→ **Assignment**
Begin at the line that holds "Oklahoma Oil & Gas Pipeline Blueprint" and retype every line through the end of the material, both included. Leave out the pictures.

** Available data follows **

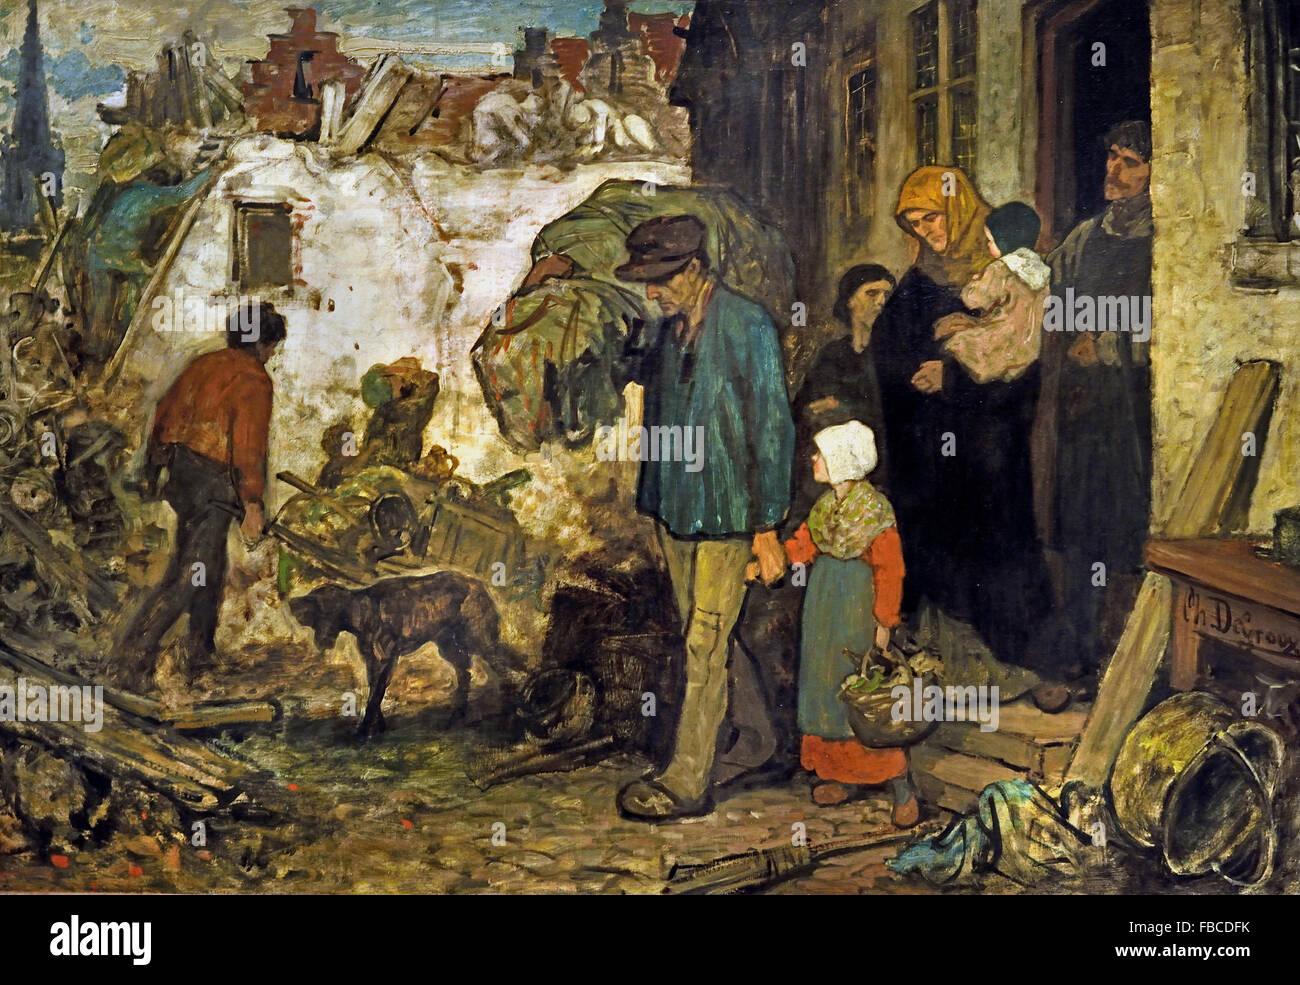 The Expulsion by Charles de Groux 1825-1870 Flemish Belgian Belgium - Stock Image
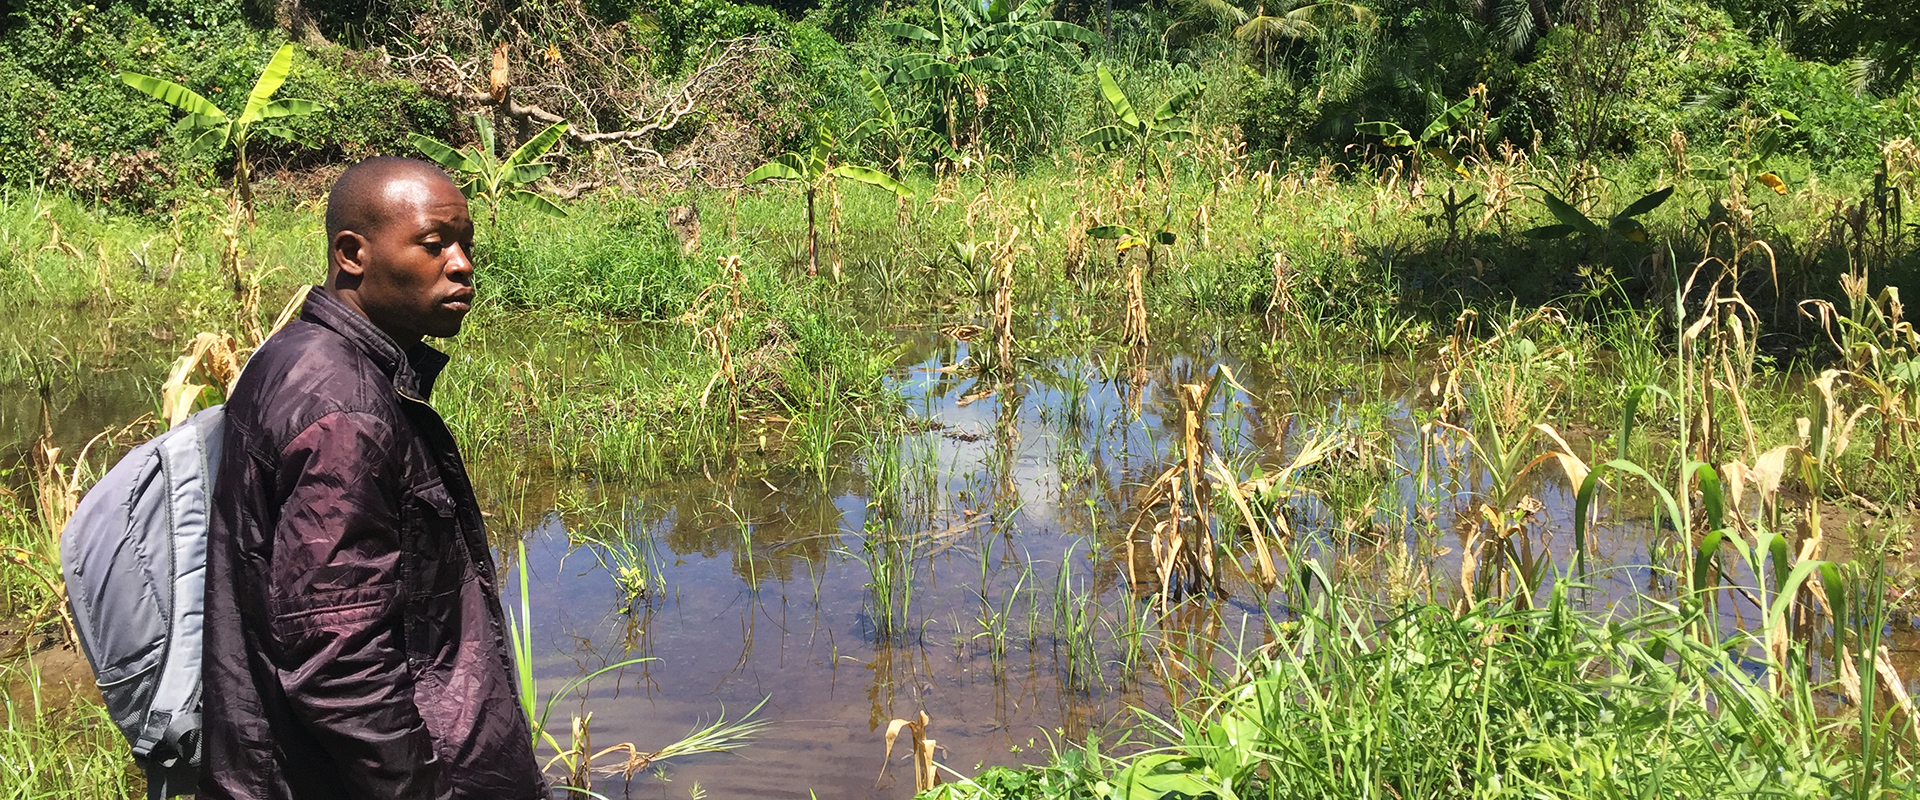 emergenza ciclone idai alluvione mozambico mani tese 2019
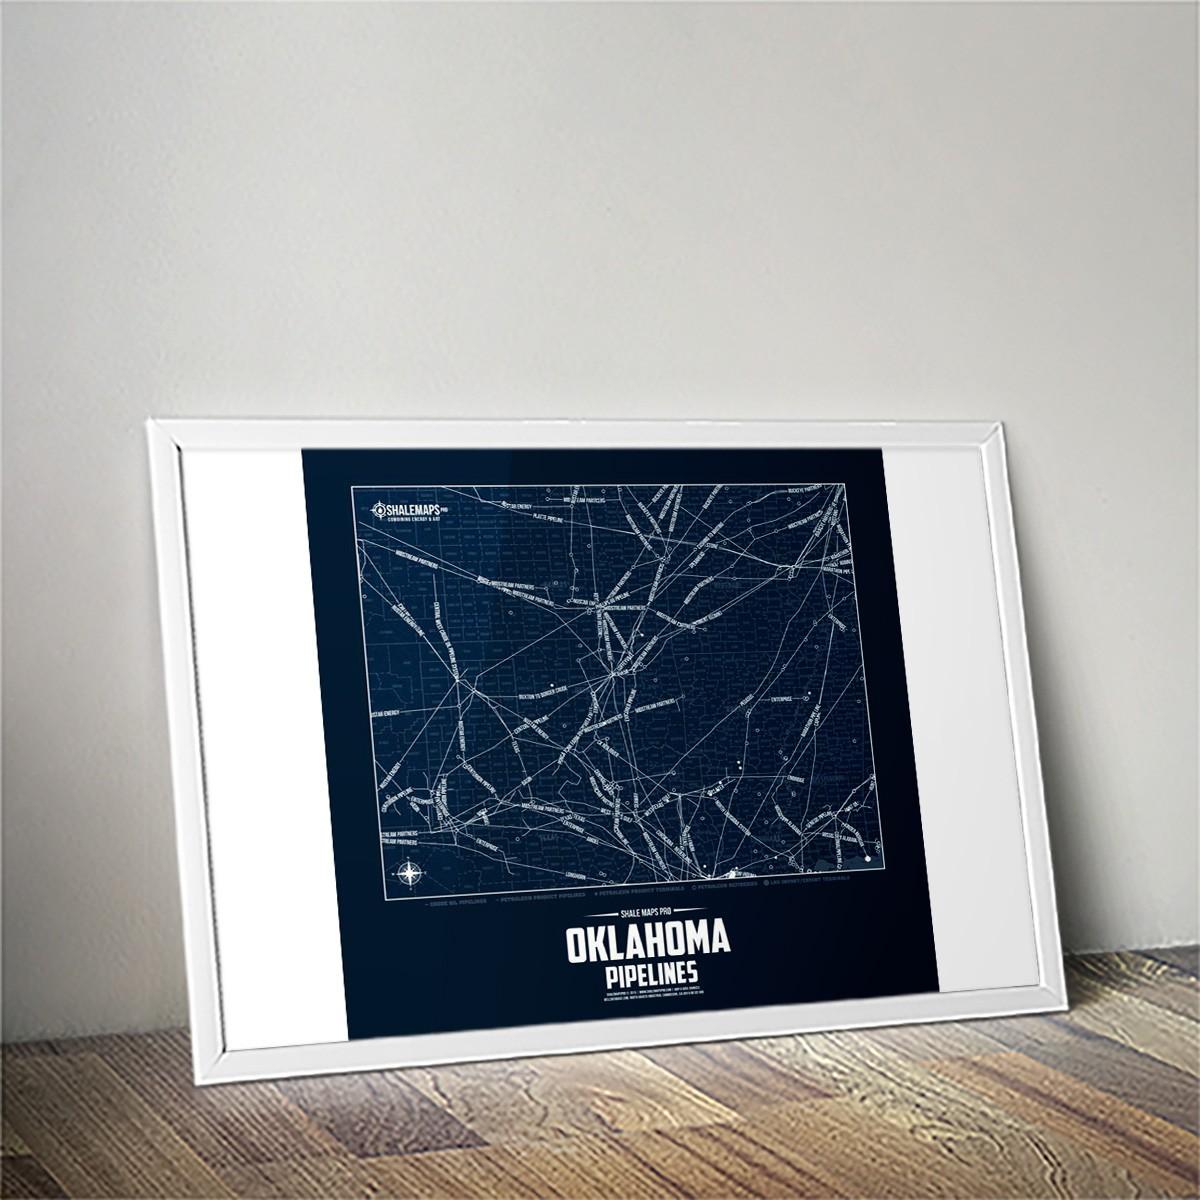 Oklahoma Oil & Gas Pipeline Blueprint
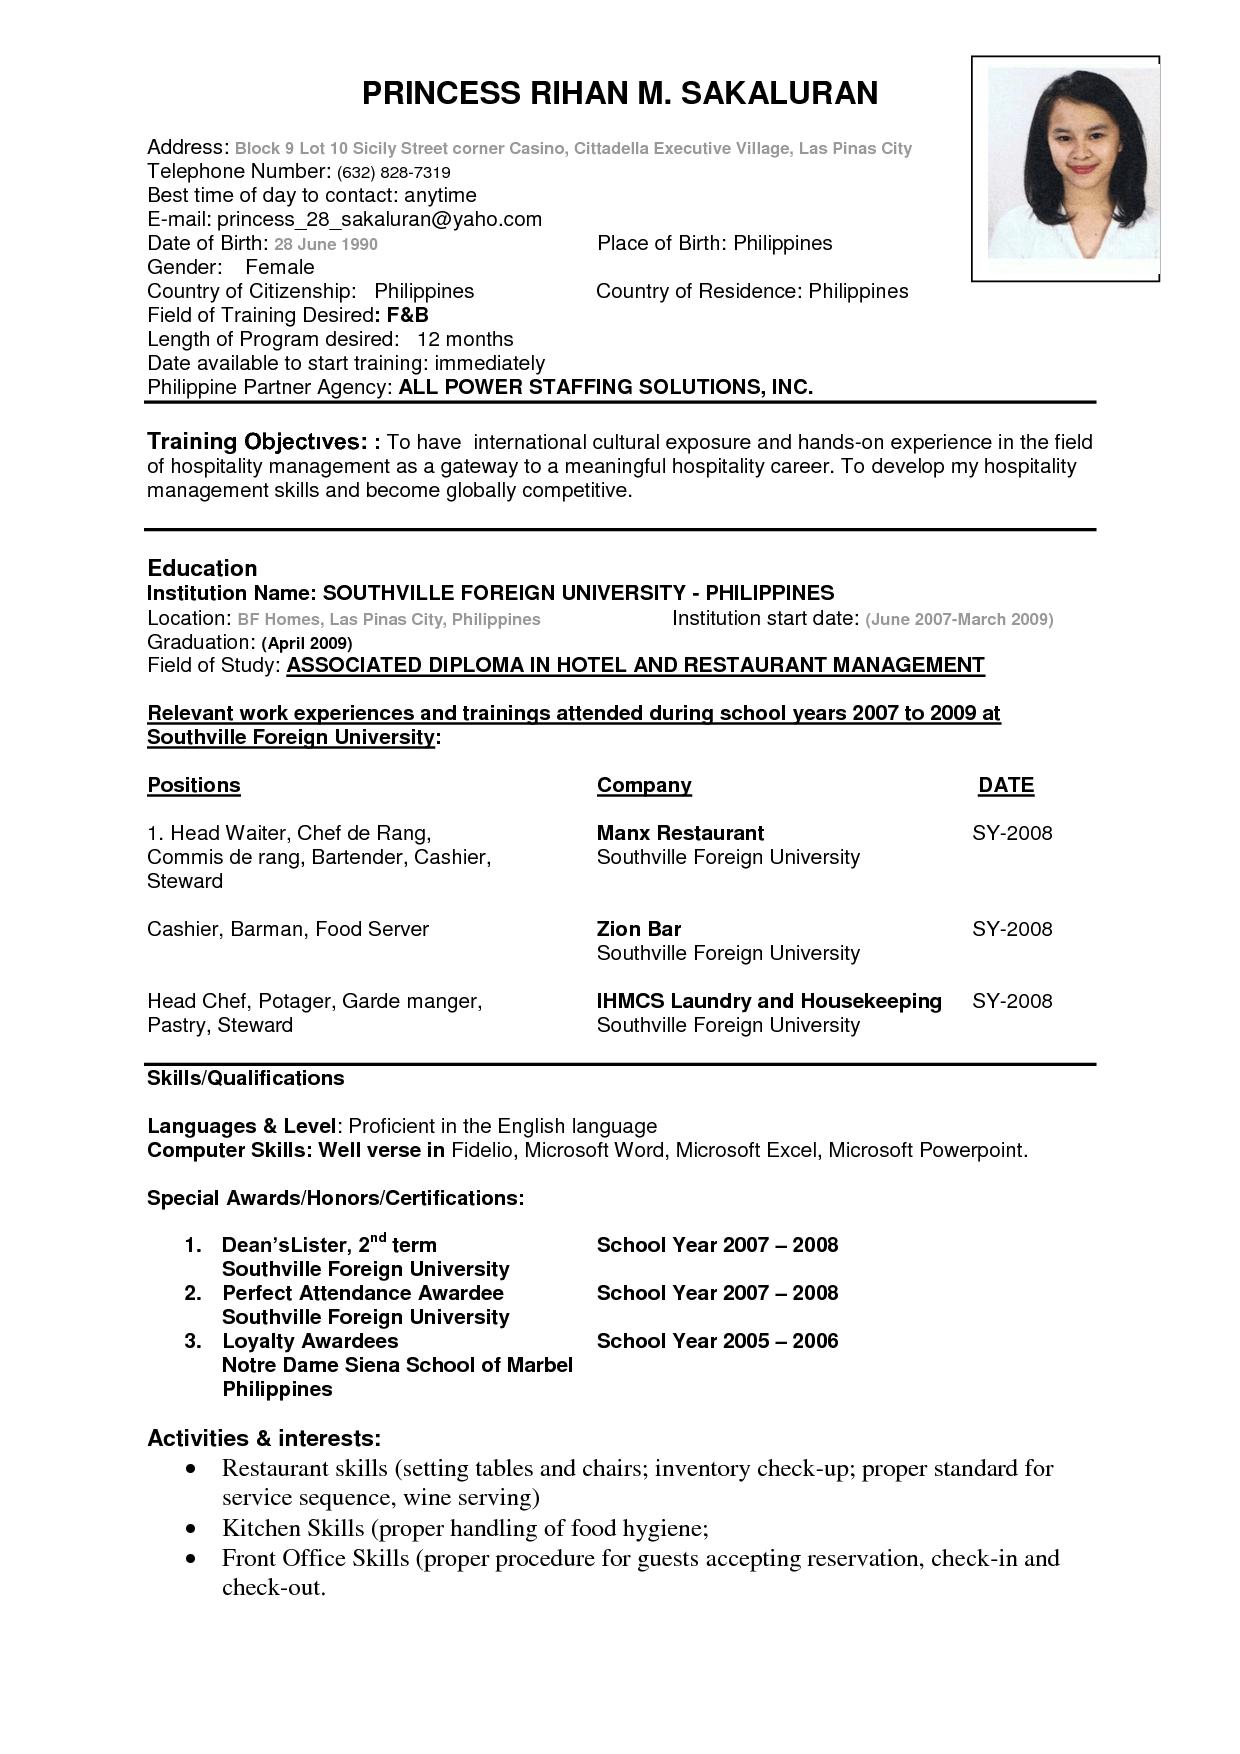 Resume Sample For Job Application Pdf Philippines

** End of Available data **

→ **Answer to the exercise**
 Oklahoma Oil & Gas Pipeline Blueprint
 Resume Sample For Job Application Pdf Philippines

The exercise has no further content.